Regum et imperatorum apophthegmata

Plutarch

Plutarch. Moralia, Vol. III. Babbitt, Frank Cole, translator. Cambridge, MA: Harvard University Press; London: William Heinemann Ltd., 1931 (printing).

After fixing the amount of the taxes which his subjects were to pay, he sent for the leading men of the provinces, and asked them if the taxes were not perhaps heavy; and when the men said that the taxes were moderate, he ordered that each should pay only half as much. [*](The same story with variations may be found in Polyaenus, Strategemata, vii. 11. 3. Nothing to this effect is to be found in Herodotus’s account of Darius’s taxation, iii. 86-95.)

As Darius was opening a big pomegranate, someone inquired what there was of which he would like to have as many in number as the multitude of seeds in the pomegranate, and he replied, Men like Zopyrus. [*](The same story is found in Herodotus, iv. 143, but with the name of Megabazus instead of Zopyrus.) Zopyrus was a brave man and a friend of his.

Zopyrus, by disfiguring himself with his own hands and cutting off his nose and ears, tricked the Babylonians, and by winning their confidence succeeded in handing over the city to Darius.
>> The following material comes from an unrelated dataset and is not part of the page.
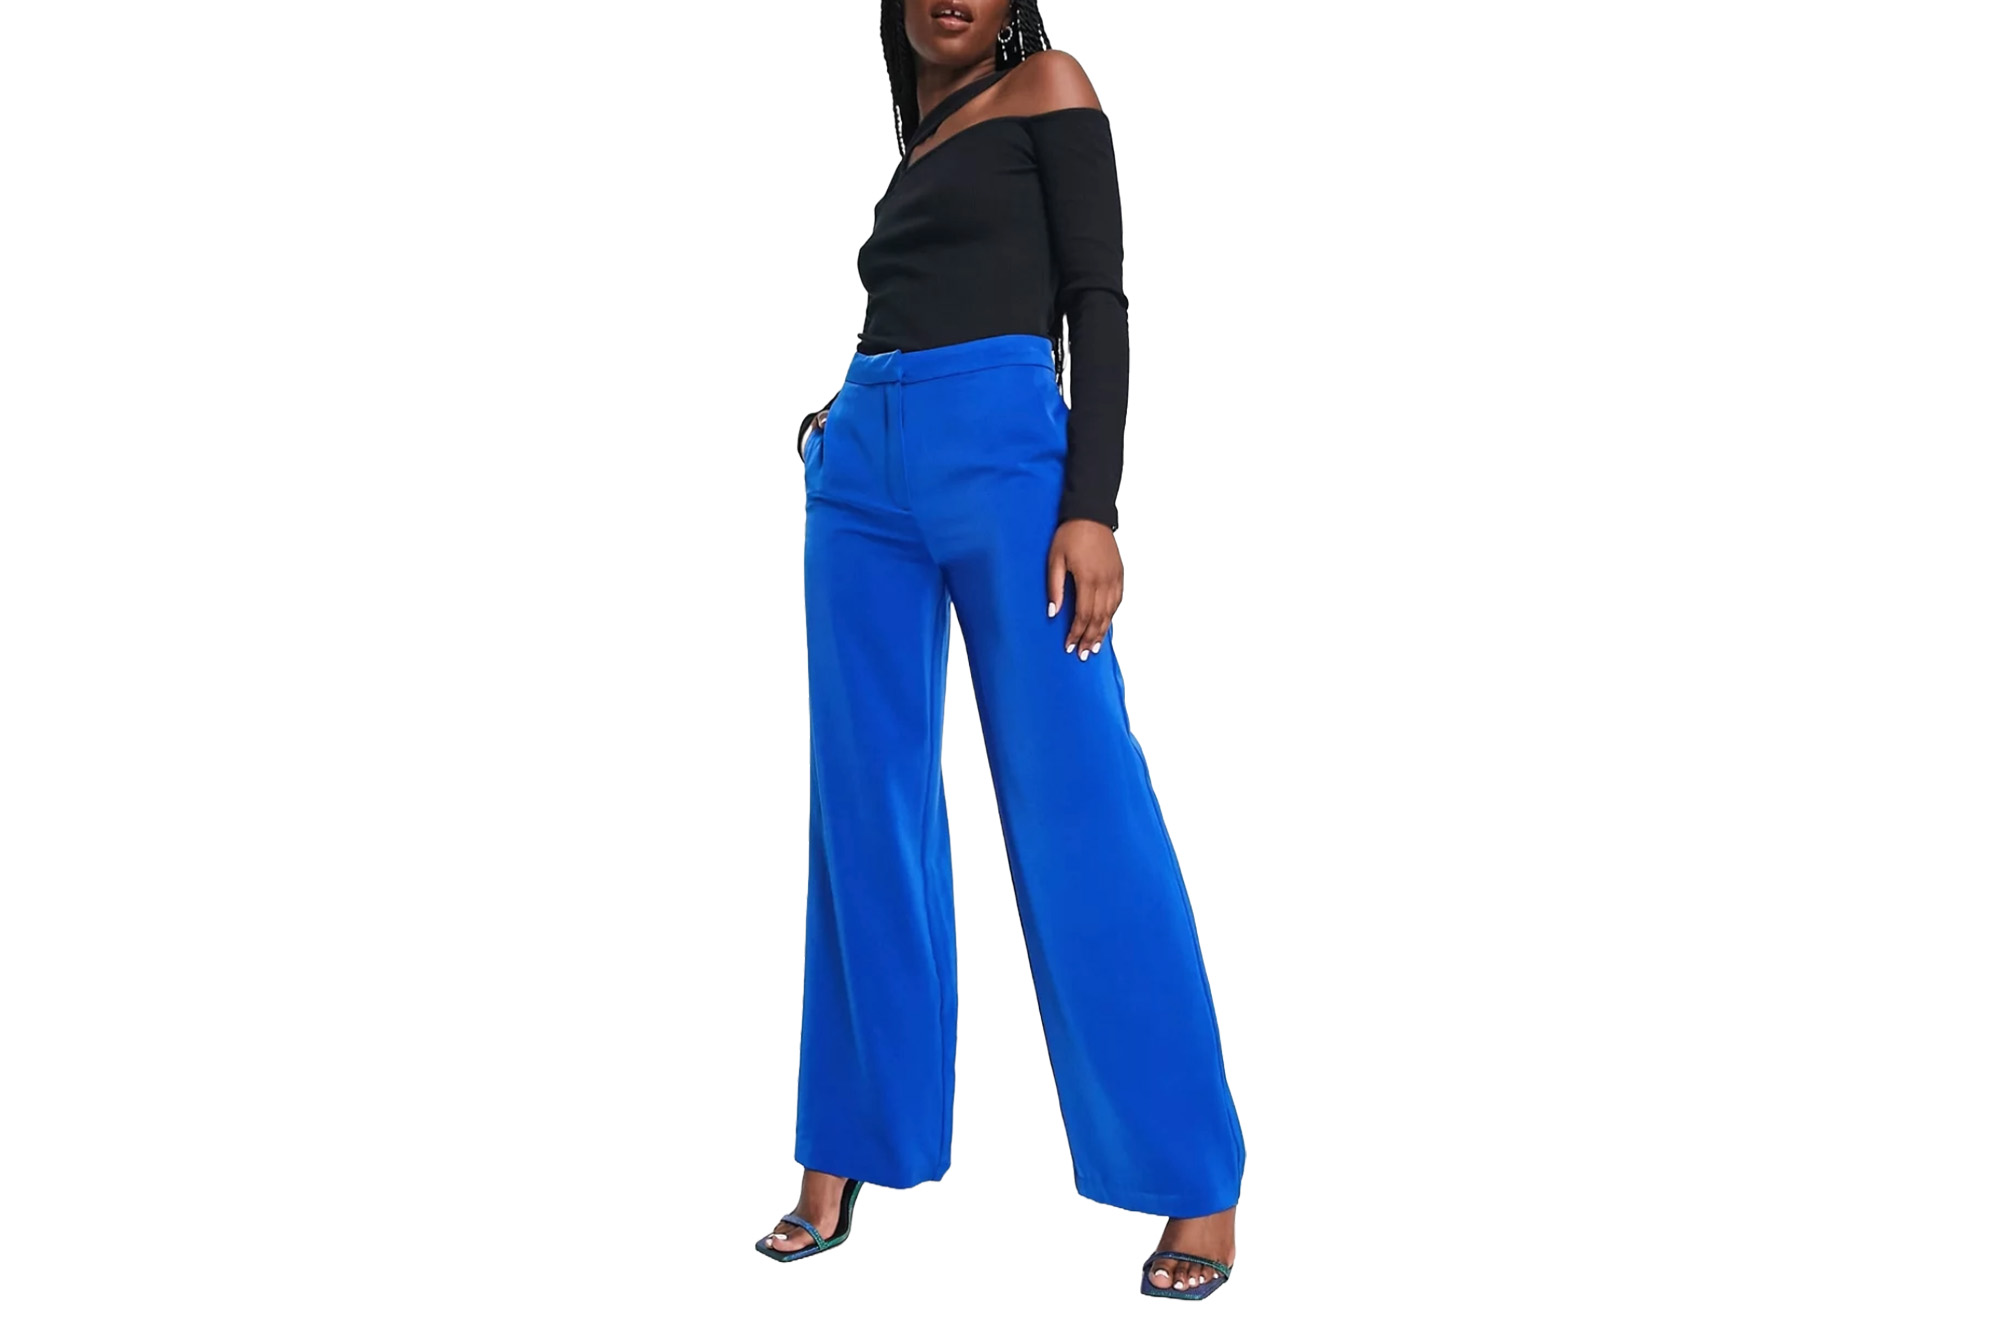 Ein Model in einer blauen Hose mit hoher Taille

Many a time Darius said that he would not take an hundred Babylons as the price of not having Zopyrus unscathed. [*](Herodotus, iii. 154-160; cf. Polyaenus, Strategemata, vii. 13.)
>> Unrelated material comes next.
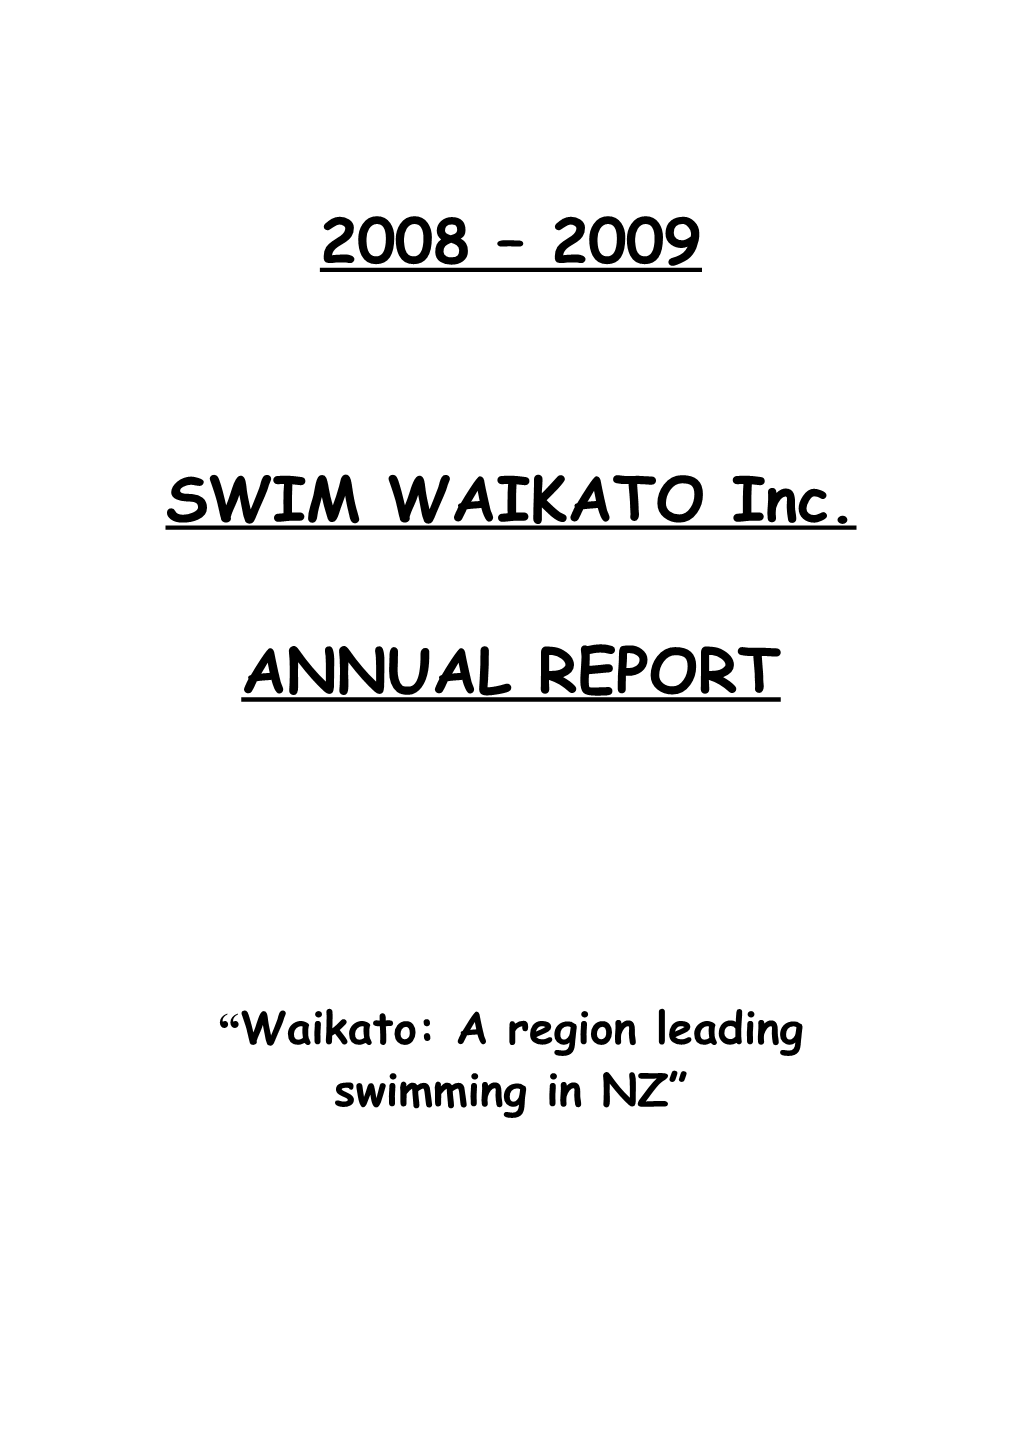 Waikato: a Region Leading Swimming in NZ

Semiramis [*](Herodotus, i. 187, says that Nitocris built the tomb above the gates of Babylon. Stobaeus, x. 53, copies Plutarch word for word.) caused a great tomb to be prepared for herself, and on it this inscription: Whatsoever king finds himself in need of money may break into this monument and take as much as he wishes. Darius accordingly broke into it, but found no money; he did, however, come upon another inscription reading as follows: If you were not a wicked man with an insatiate greed for money, you would not be disturbing the places where the dead are laid.